> WHAT NEEDS TO BE DONE
Range to copy from the entries below: the line containing "INTROUVABLE! HISTOIRE DES" through the line containing "Niederländische Schule. In", inclusive. Retype only those lines, exactly, without any images.

> MATERIAL FOR THIS EXERCISE

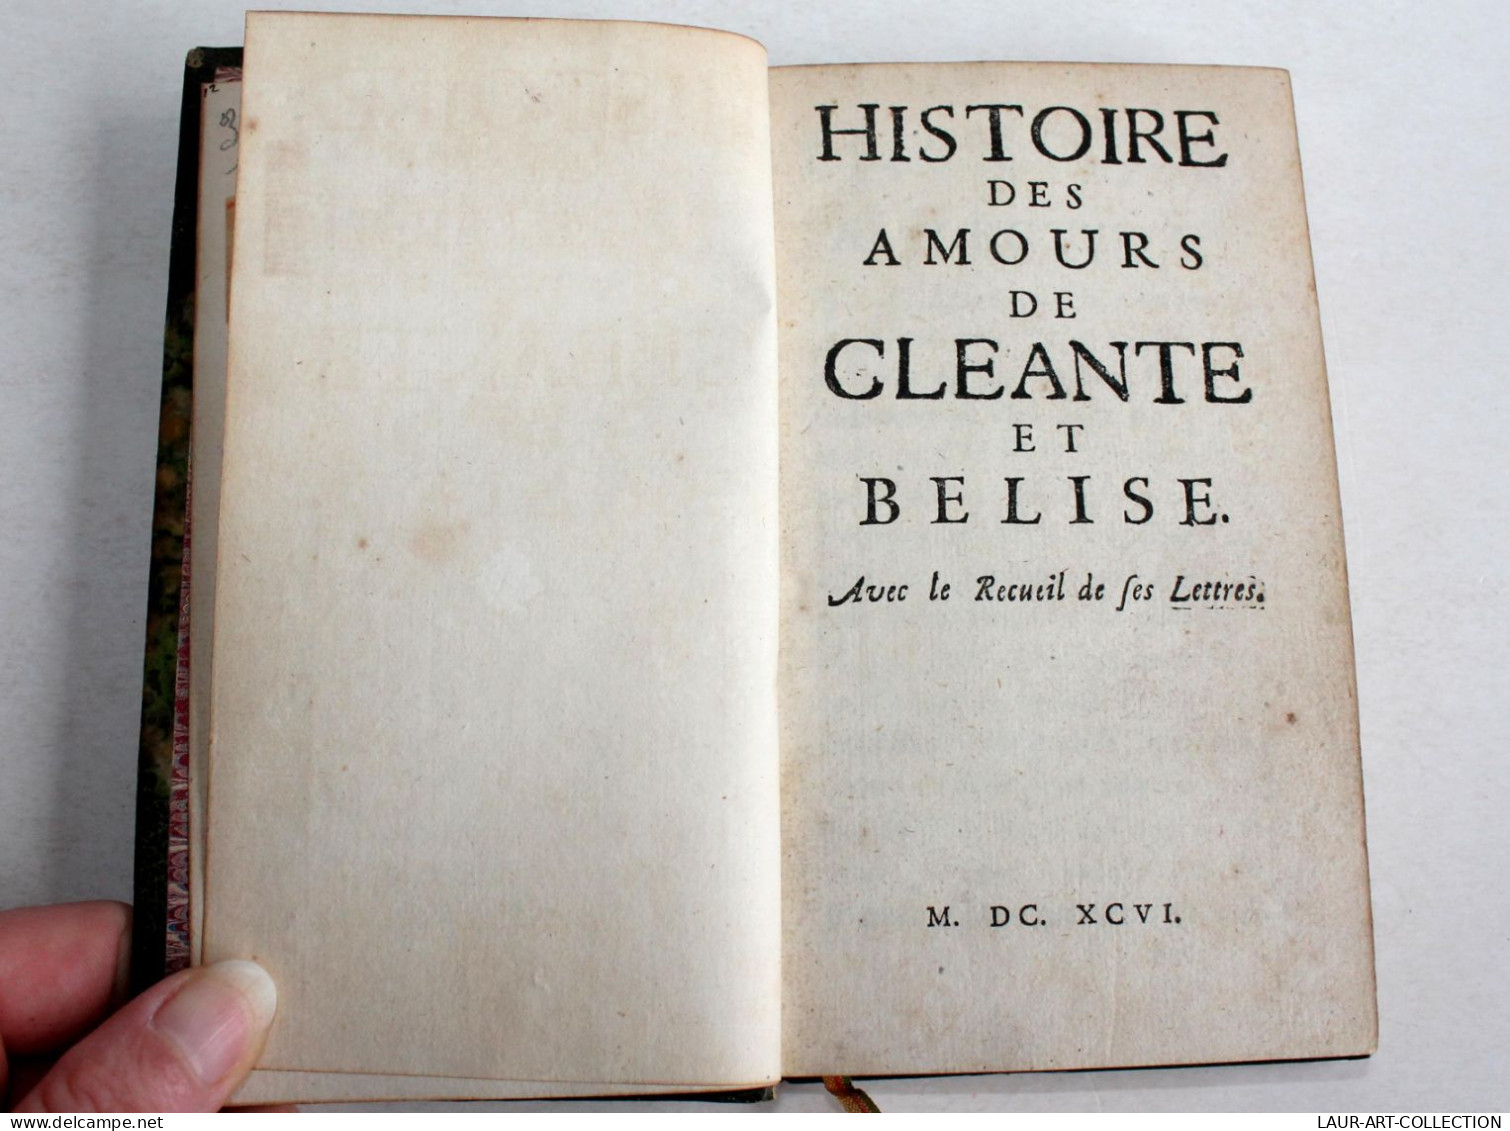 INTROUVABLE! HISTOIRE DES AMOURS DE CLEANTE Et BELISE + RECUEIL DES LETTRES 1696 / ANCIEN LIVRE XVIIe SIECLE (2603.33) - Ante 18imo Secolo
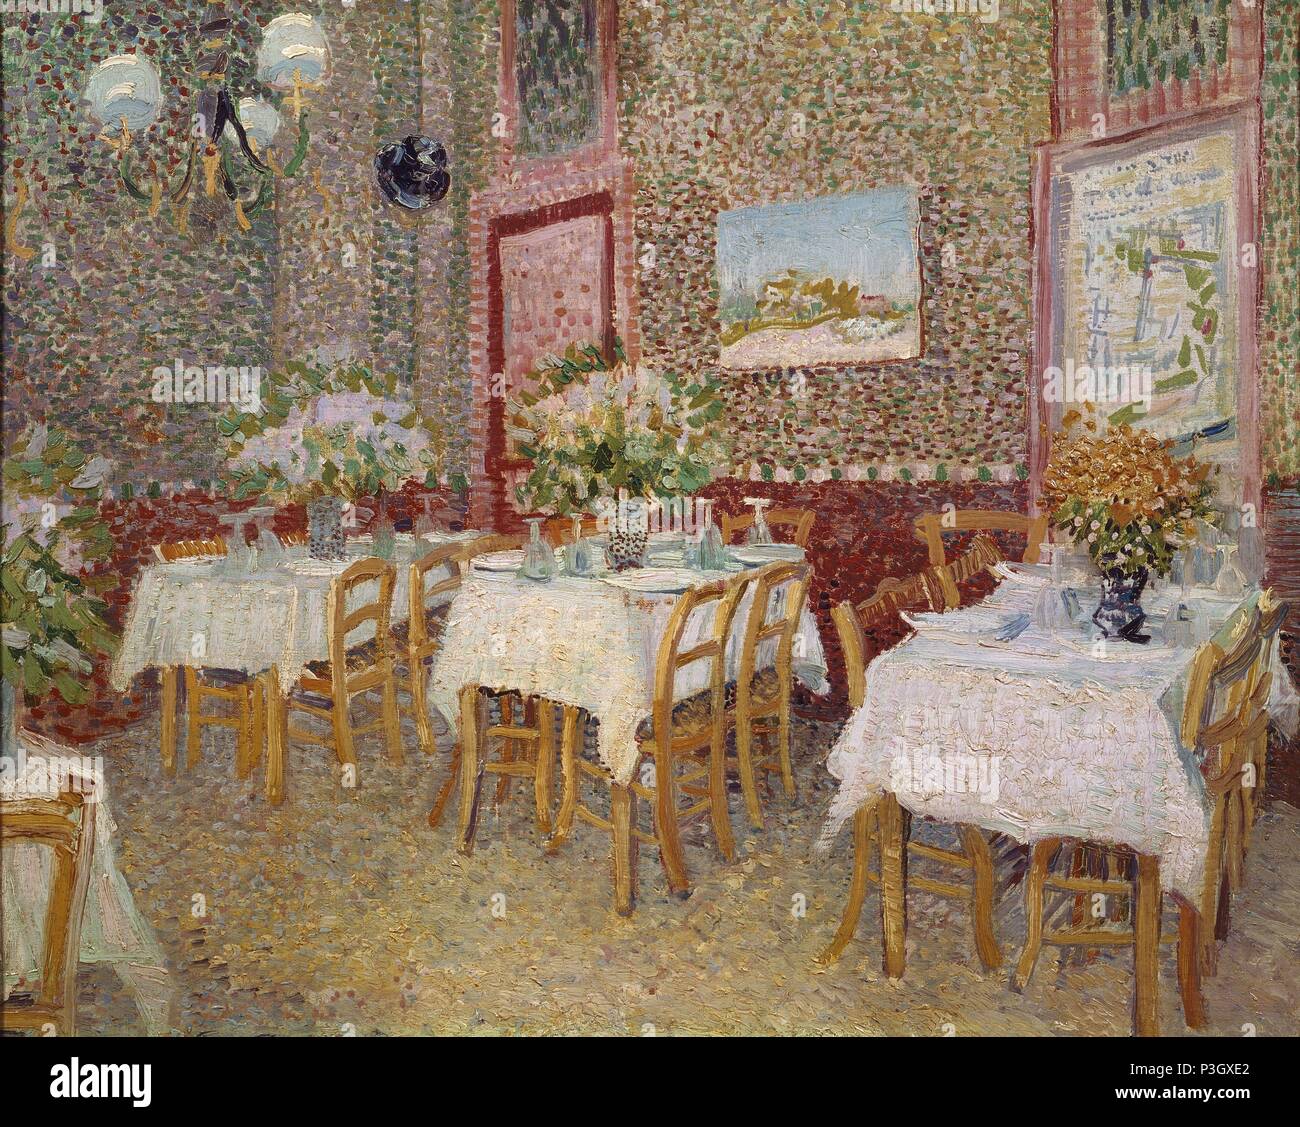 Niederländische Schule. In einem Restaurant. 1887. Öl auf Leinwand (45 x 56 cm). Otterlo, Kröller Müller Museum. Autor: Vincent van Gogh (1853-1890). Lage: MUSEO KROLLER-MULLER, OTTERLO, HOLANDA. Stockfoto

==

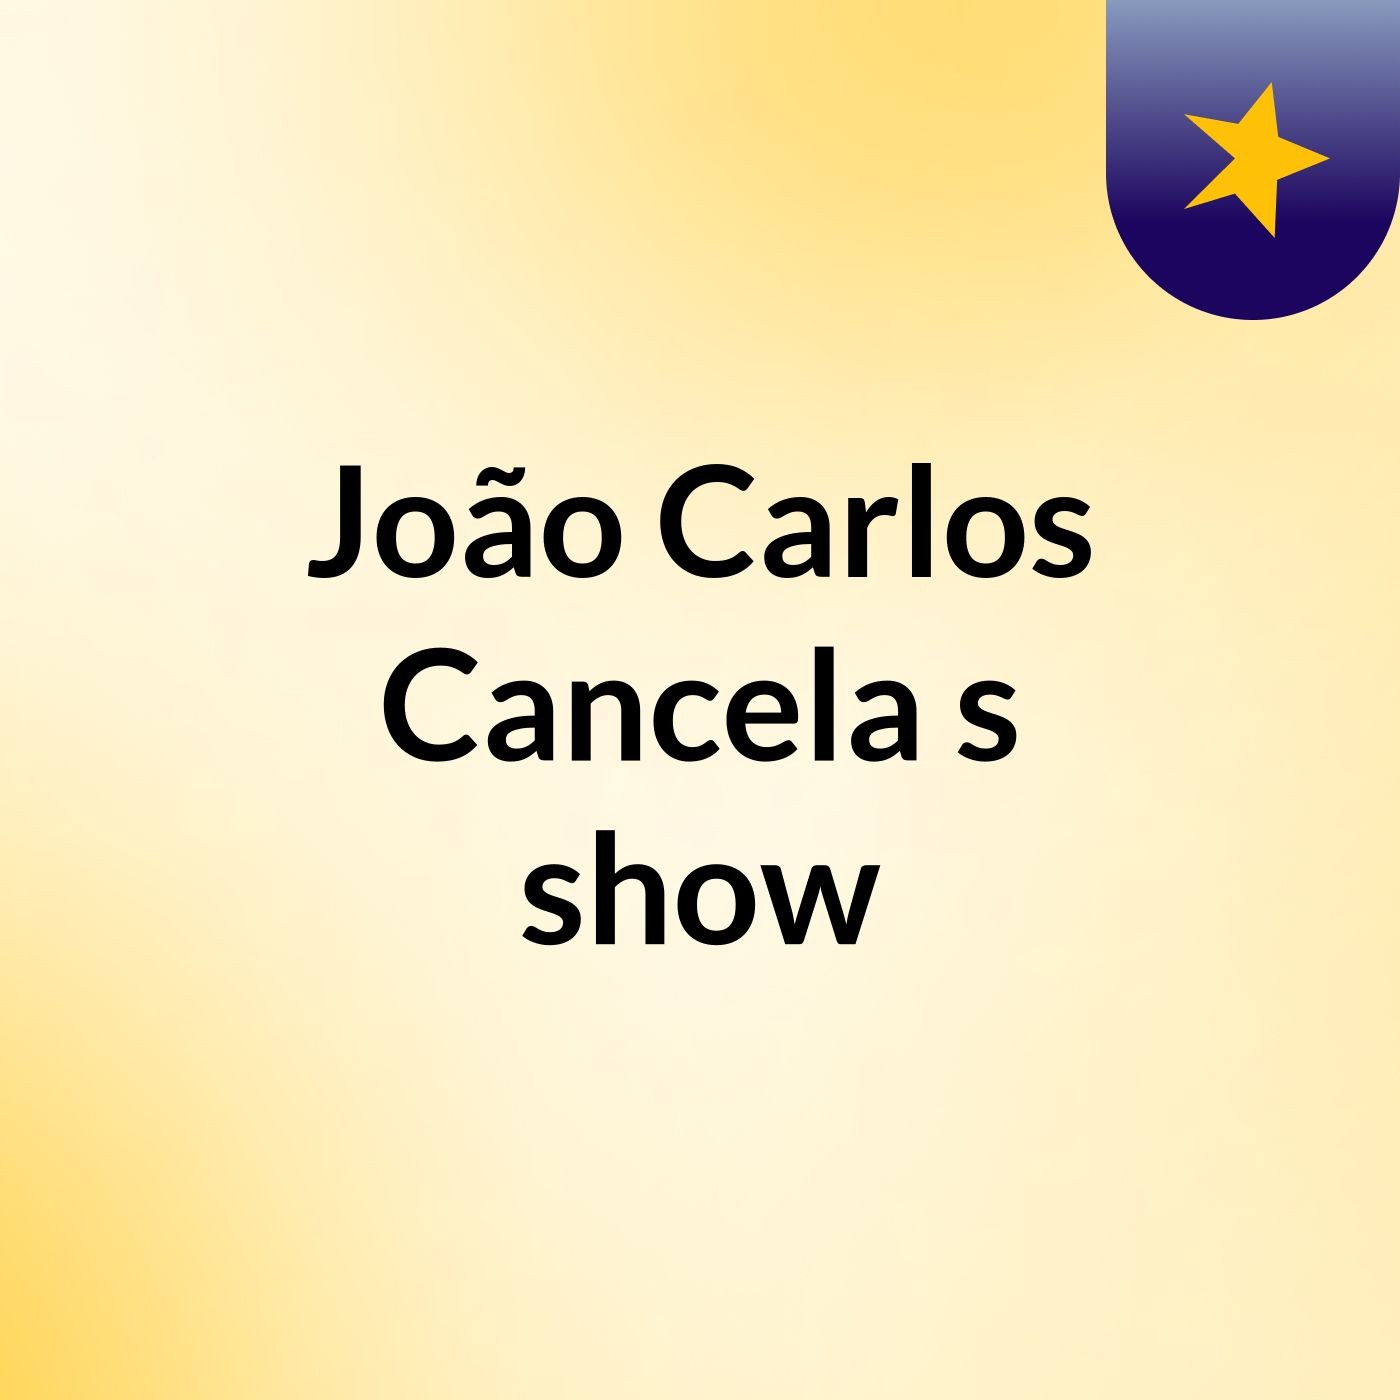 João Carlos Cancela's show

> OUTPUT FOR THIS EXERCISE
 INTROUVABLE! HISTOIRE DES AMOURS DE CLEANTE Et BELISE + RECUEIL DES LETTRES 1696 / ANCIEN LIVRE XVIIe SIECLE (2603.33) - Ante 18imo Secolo
 Niederländische Schule. In einem Restaurant. 1887. Öl auf Leinwand (45 x 56 cm). Otterlo, Kröller Müller Museum. Autor: Vincent van Gogh (1853-1890). Lage: MUSEO KROLLER-MULLER, OTTERLO, HOLANDA. Stockfoto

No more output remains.